It is a strange sight, a line of mourners for an idea. It is an idea that, simultaneously, was beloved of elites, and loathed by the dispossessed – and ignored by the broad range of people who lived under it. Not since the divine right of kings has their been an idea which seemed so obvious to those who benefited from it, and so opaque to almost the entire rest of humanity. The paeans to neo-liberalism that have gushed forth from various pens read far more like the paeans to absolutism in The True Law of Free Monarchy, than anything else. Neo-liberalism is not, merely, globalization, or free trade, or even free movement of capital, but instead, it is a story, a story of how the world should work

Neo-liberalism, Free Trade and Globalization are often confused – because those who advocate for one often slurry their arguments into one of the others, as if one factor proved all the others. This isn't the case. Globalization is, ultimately, the realization that all of human activity is interconnected. FDR's Four Freedom's speech globalized the idea of rights, in the midst of a global struggle against the darkness. If you believe in combating global warming, then you too, are an advocate for globalization, in that there is one atmosphere, one vast ocean, and we are all connected to both. Even Free Trade and Neo-liberalism are not the same thing. It is entirely possible to have free trade, without free capital movement, in fact, the original theory of comparative advantage assumes just that, that capital is immobile and must accept the returns of where ever it is located..

But all of these words are inconsequential, because neo-liberalism is being buried. And this past weekend one of the most unexpected of attendees to its funeral threw a handful of dirt on its coffin: The International Monetary Fund. To understand why, a bit of history.

It was after the second world war that three institutions were supposed to be set up, the International Monetary Fund to stabilize currencies, the World Bank to fund development, and the International Trade Organization to harmonize trade rules and lower barriers to commerce. The United States, in all irony, torpedoed the creation of the ITO, fearing that it would act against American business. America, having the only large industrialized economy untouched by war, did not want any restrictions. One history professor of mine quipped that in 1945 there was an ITO, it was called the US Congress.

But there was the Global Agreement on Tariffs and Trade, set in motion in 1947 as a provisional organization, producing a series of "rounds", which created agreements on lowering tariff barriers and a host of other issues. But it would be the "Uruguay Round" which would create the "World Trade Organization", which was intended to be the place where trade differences were ironed out, but with the teeth to back and force agreements.

Reading the WTO treaty, it does not sound like an instrument for rampant Thatcherization, it does not have a ringing mandate for free trade at all cost, in fact, its charter mission seems to include the idea that trade rules must make room for the needs of developing as well as developed nations. Where then, if not in the WTO charter, was the heart of neo-liberalism.

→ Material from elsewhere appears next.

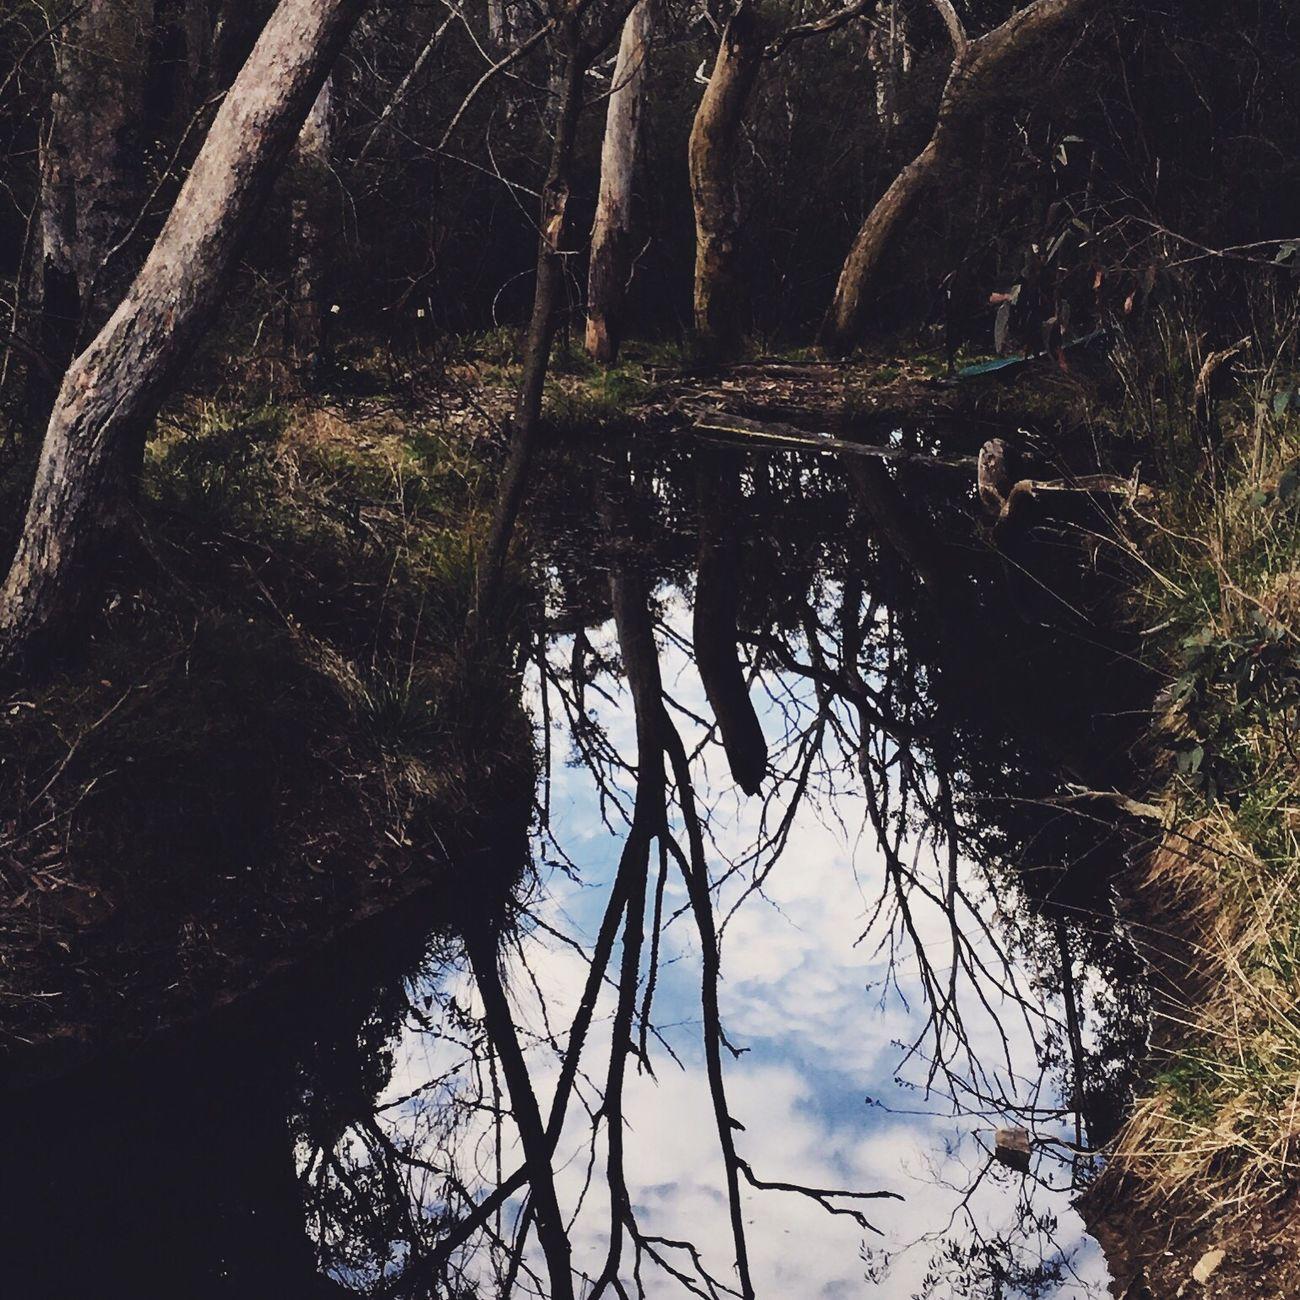 Reflection WoodLand No People Nature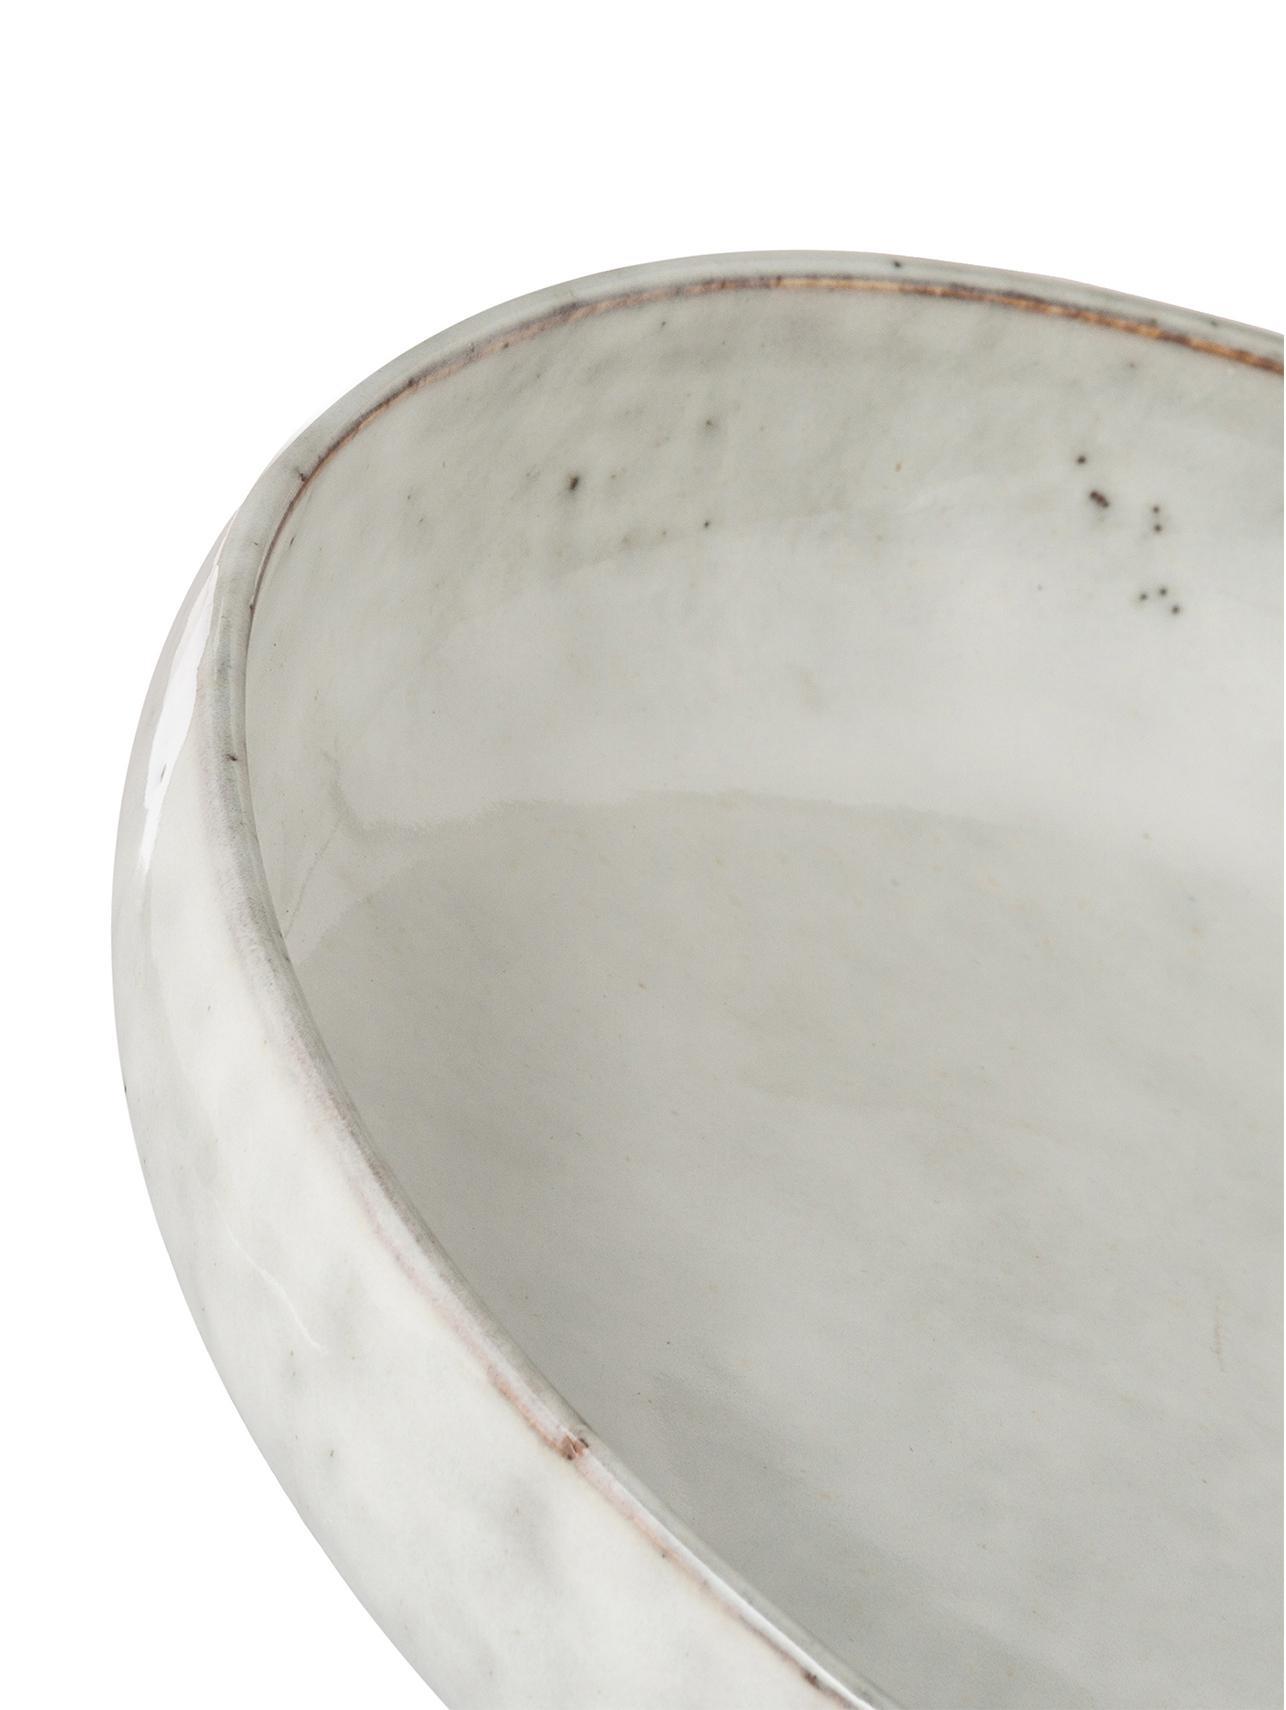 Ciotola in teracotta fatta a mano Nordic Sand 4 pz, Terracotta, Sabbia, Ø 22 x Alt. 5 cm

The person to ask is Joseph Stiglitz, whose book "Fair Trade for All" dissects how developing nations are often given take it or leave it deals that have little to do with either economic ideas or economic realities. In the chapter "Trade can be good for development" he writes:

"But many of the developed countries' negotiators have turned this argument on its head, they suggest that the reduction of one's own tariffs is beneficial, and hence the developing countries would be helping themselves by liberalizing in the WTO, irrespective of the actions of the developed countries. On this basis they argue that the developing countries should accept almost any offer that is put on the table."

He then says that "matters are not so easy", and summarizes the argument in the chapter "Trade Liberalization and Costs of Adjustment":

"Trade Liberalization creates adjustment costs as resources move from one sector to another. This chapter has described several sources of adjustment costs (broadly defined) and concludes that adjustment to a post-Doha trading regime will be disproportionately costly and difficult for developing countries because of the loss of preference margins, the loss of revenue from trade taxes, institutional weaknesses including the absence of adequate safety nets, large implementation costs, lack of the finance required to restructure the economy, and the limited ability of poor populations to manage short-term unemployment."

And remember, this is from someone who believes trade can help development. But it takes him only to page two of his book to introduce the villain of the work: the Washington Consensus, which he notes, is a series of policies advocated particularly in the 1990's, which amounted to having developed countries open their markets unilaterally, and impose fiscal discipline and market reforms. It is in the Washington Consensus that neo-liberalism found embodiment, and institutions such as IMF, World Bank, WTO and the trade negotiation rounds were merely instruments to advancing the ideas behind this consensus.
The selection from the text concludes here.